Everyday Problems: Creating an Enclosure for Raspberry Pis

My name is Rob and as anyone that knows me well will tell you, I have a problem with Raspberry Pis. They are my uncontrollable addiction and I cannot get enough. I currently have six of them with plans for more in the near future; if I see a used one for sale, I have to have it. I use them for a variety of things such as, media centers, game emulators, home security systems, and various servers.

One of my latest projects was using an Arduino to control the temperature and water level in one of my saltwater fish tanks. The Arduino measures the water temperature and checks the water level via some external sensors. It then displays information about the tank to an LCD display, and sends serial data to a Raspberry Pi that stores the information in a database which can be queried and plotted through a web interface. Everything works flawlessly, but I didn’t have anywhere to put all of the components which would keep everything together and neatly organized. This is where SOLIDWORKS comes in.

I knew I wanted a simple enclosure to contain all of the components, but I didn’t know exactly what the enclosure would look like or how the components would be oriented. At this point, I went to the internet and found some CAD models for a Raspberry Pi, an Arduino, a breadboard, and an LCD display. With these 3D models now in a SOLIDWORKS assembly, I was able to align them how I wanted them to sit and use top down design methods to create an enclosure to house them.

Raspberry Pis

Using the “Insert New Part” function I was able to start creating a new part that would become the lower portion of the enclosure. This was done very simply by extruding the four sides and bottom, a small ledge for the Arduino to rest on, and then using cuts where things would get plugged into the Pi and Arduino. I threw in a few fillets, and the lower part of my enclosure was now exactly what I needed.

This ability to design around existing components is part of what makes top down design so powerful. I didn’t know exactly what the enclosure was going to look like and where holes would be located, but by putting the lower level parts into the assembly and then designing around them I was able to get exactly what I needed.

Now that I had the lower portion of the enclosure completed I needed to make a top to keep any water from getting splashed on the electronics. Again using top down methods I was able to insert a new part and create some very simple extrusions from a convert entity that was performed on the top edge of the lower enclosure. After this was extruded I capped off the top, inserted some fillets, and cut out the area where the display would be located.

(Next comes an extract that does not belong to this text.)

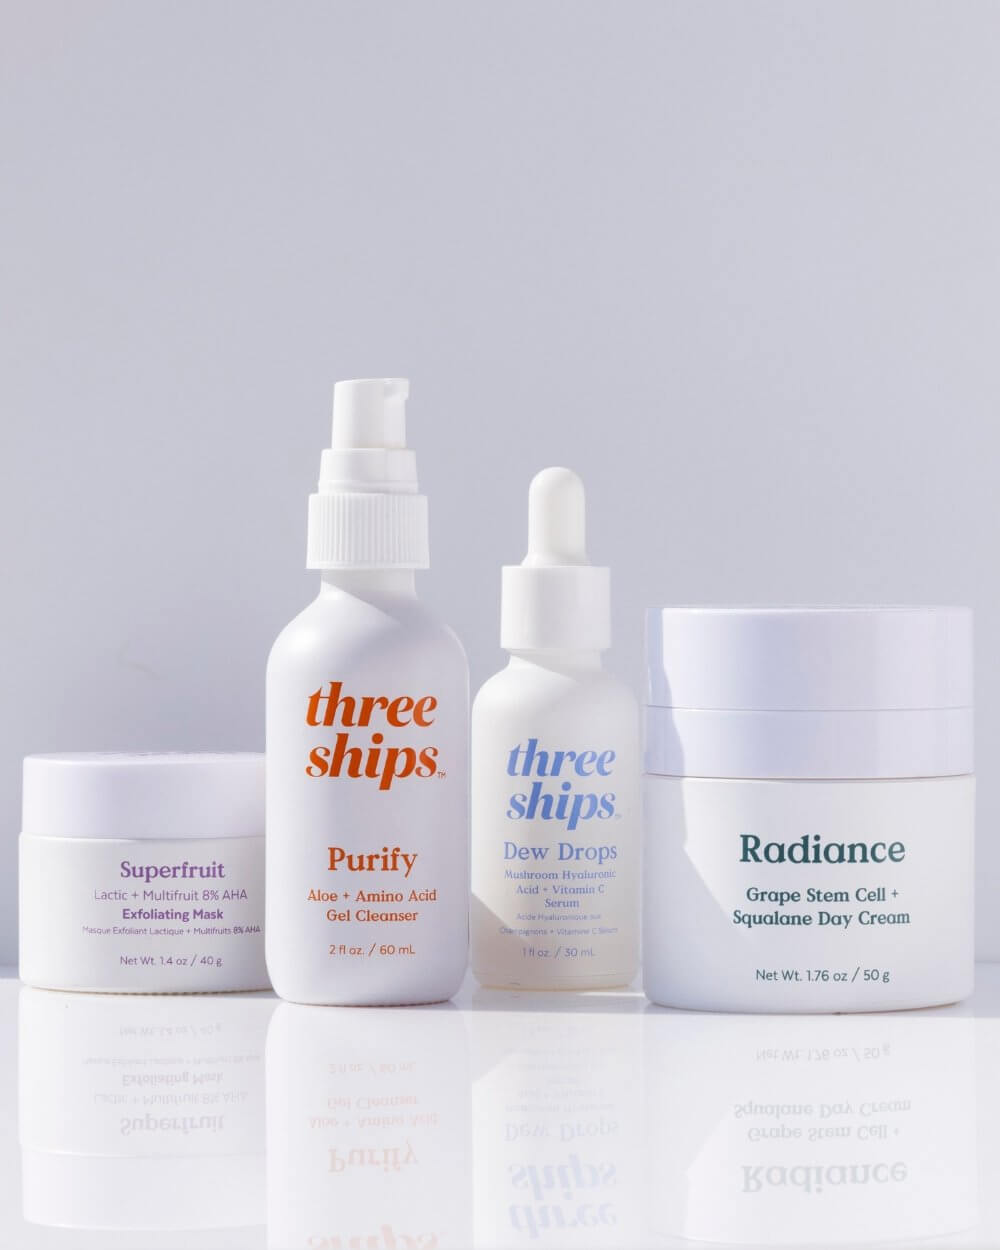 Best-Sellers Limited Time Bundle Offer Three Ships TRIAL KIT Natural Vegan Cruelty-free Skincare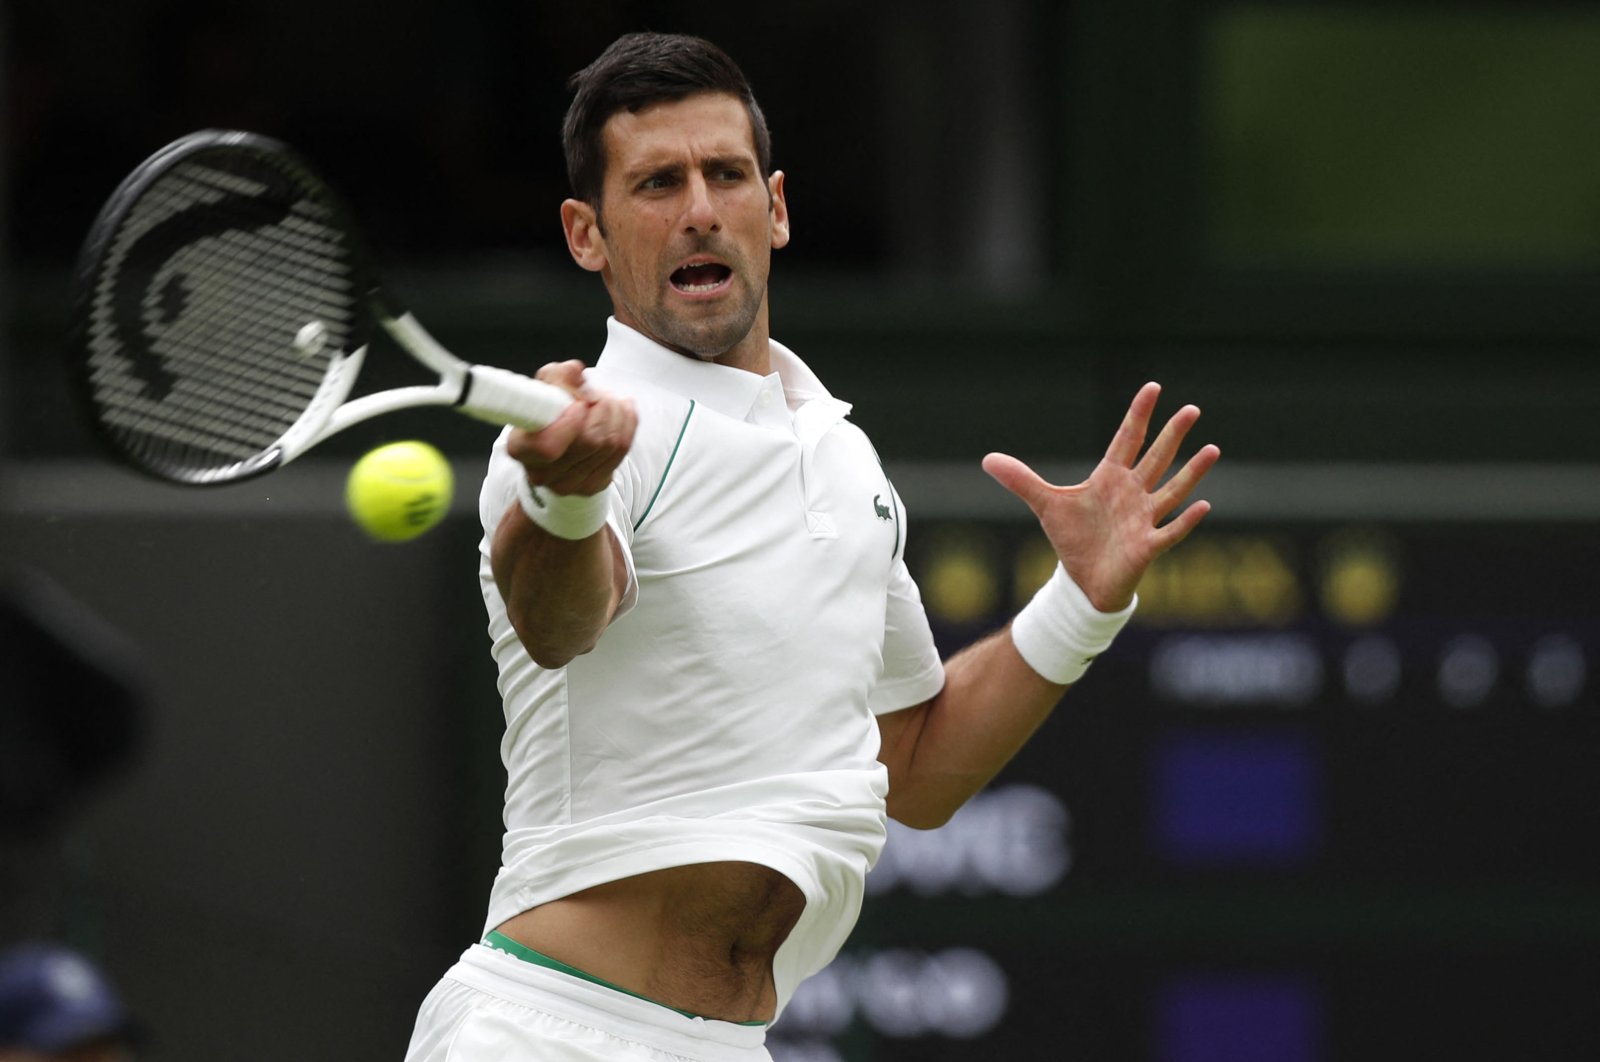 Novak Djokovic in action against Kwon Soon-woo at the Wimbledon Championships, London, England, June 27, 2022. (AFP Photo)

Now that I had a model that looked like it would work with my components, I decided to head on over to the 3D Printer and create the enclosure. I came in the next morning to my printed components which neatly accommodated my electronics with the use of some double sided tape.

This small project really encompasses everything I love about SOLIDWORKS. I was able to download some files online and import them into SOLIDWORKS, then design around those parts, export STL files to use on the 3D printer, and then create those parts in a matter of hours. SOLIDWORKS provides the ability to solve extremely complex problems, but it can also be used for simple everyday issues that each of us may encounter even at home.